Not sure if the best selling Satanic Verses author would rather have a fatwa or give one on his ex-bodyguard once removed.  Said bodyguard may have been around for the Salmon Rushdie breakup with wife # 4, Top Chef Palate Princess, Padma.  Or maybe, Madonna just forgot to give a handsigned A-Rod baseball to her brother before he decided dishing on Life with Madonna paper was his path to the Ritchie riches.  The butler to Princess Diana lied at her inquest and wrote two fawning books to honor her as the world never imagined during her royally twisted ménage à trois marriage that everybody knew about because Andrew Morton got her version down on tape.  Can't imagine the Queen staying up late reading that one in bed with a flashlight.  But Her Majesty might note this:

The book, On Her Majesty's Service, published this week, claims the was locked in a cupboard while the officers went to a pub for a drink because they were "so fed up with his attitude".

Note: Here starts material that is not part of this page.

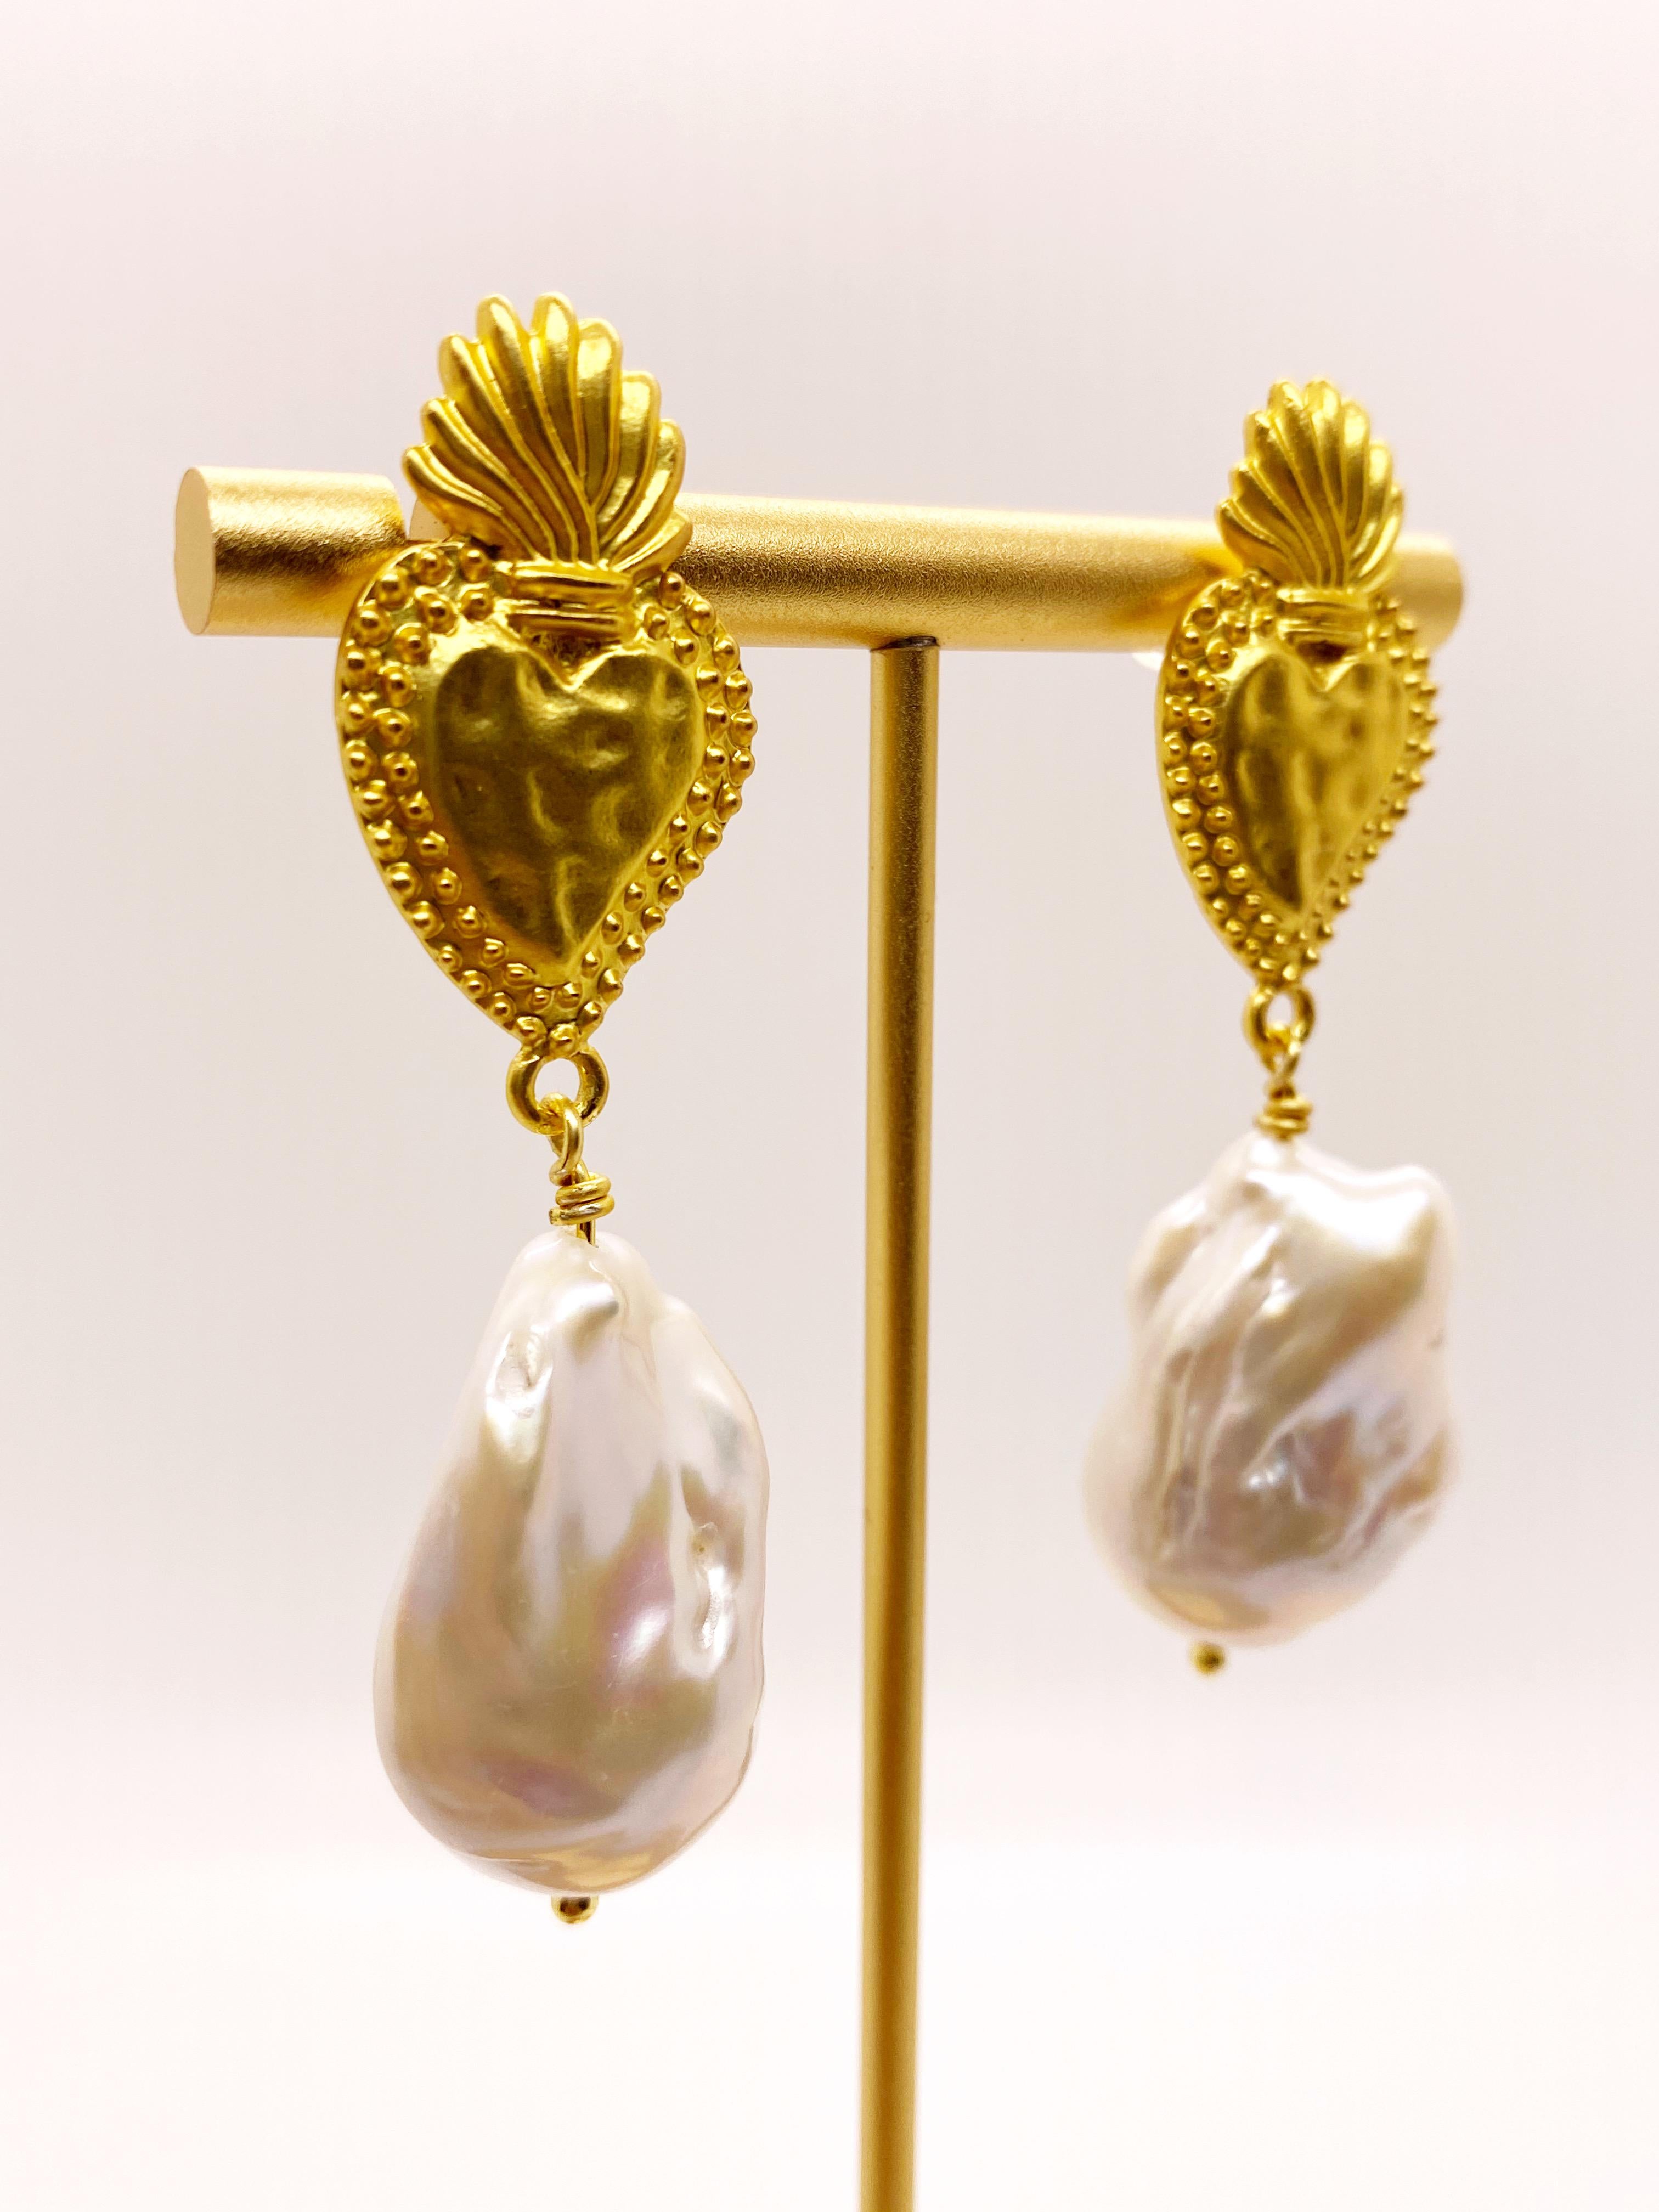 Eine große weiße Süßwasserbarockflammenkugelperle hängt an einem vergoldeten Milagrosa-Ohrringstecker. Größe und Form der Perlen können leicht variieren, da es sich um natürliche Perlen handelt. Statement-Ohrringe.

*Unser Schmuck bietet maximalen

It also claims that Rushdie was nicknamed "Scruffy" because of his unkempt appearance and that the author billed the police force £40 a night for putting up officers in his home. "We were paying, or rather the taxpayer was paying, Rushdie to protect him," the book says.
Some times the vipers are family or faux friends or household help.  But in today's book market, there is some sort of obsession with the inside scoop about the lives of people who garner some level of success.  Call this book genre what it is: payback gossip.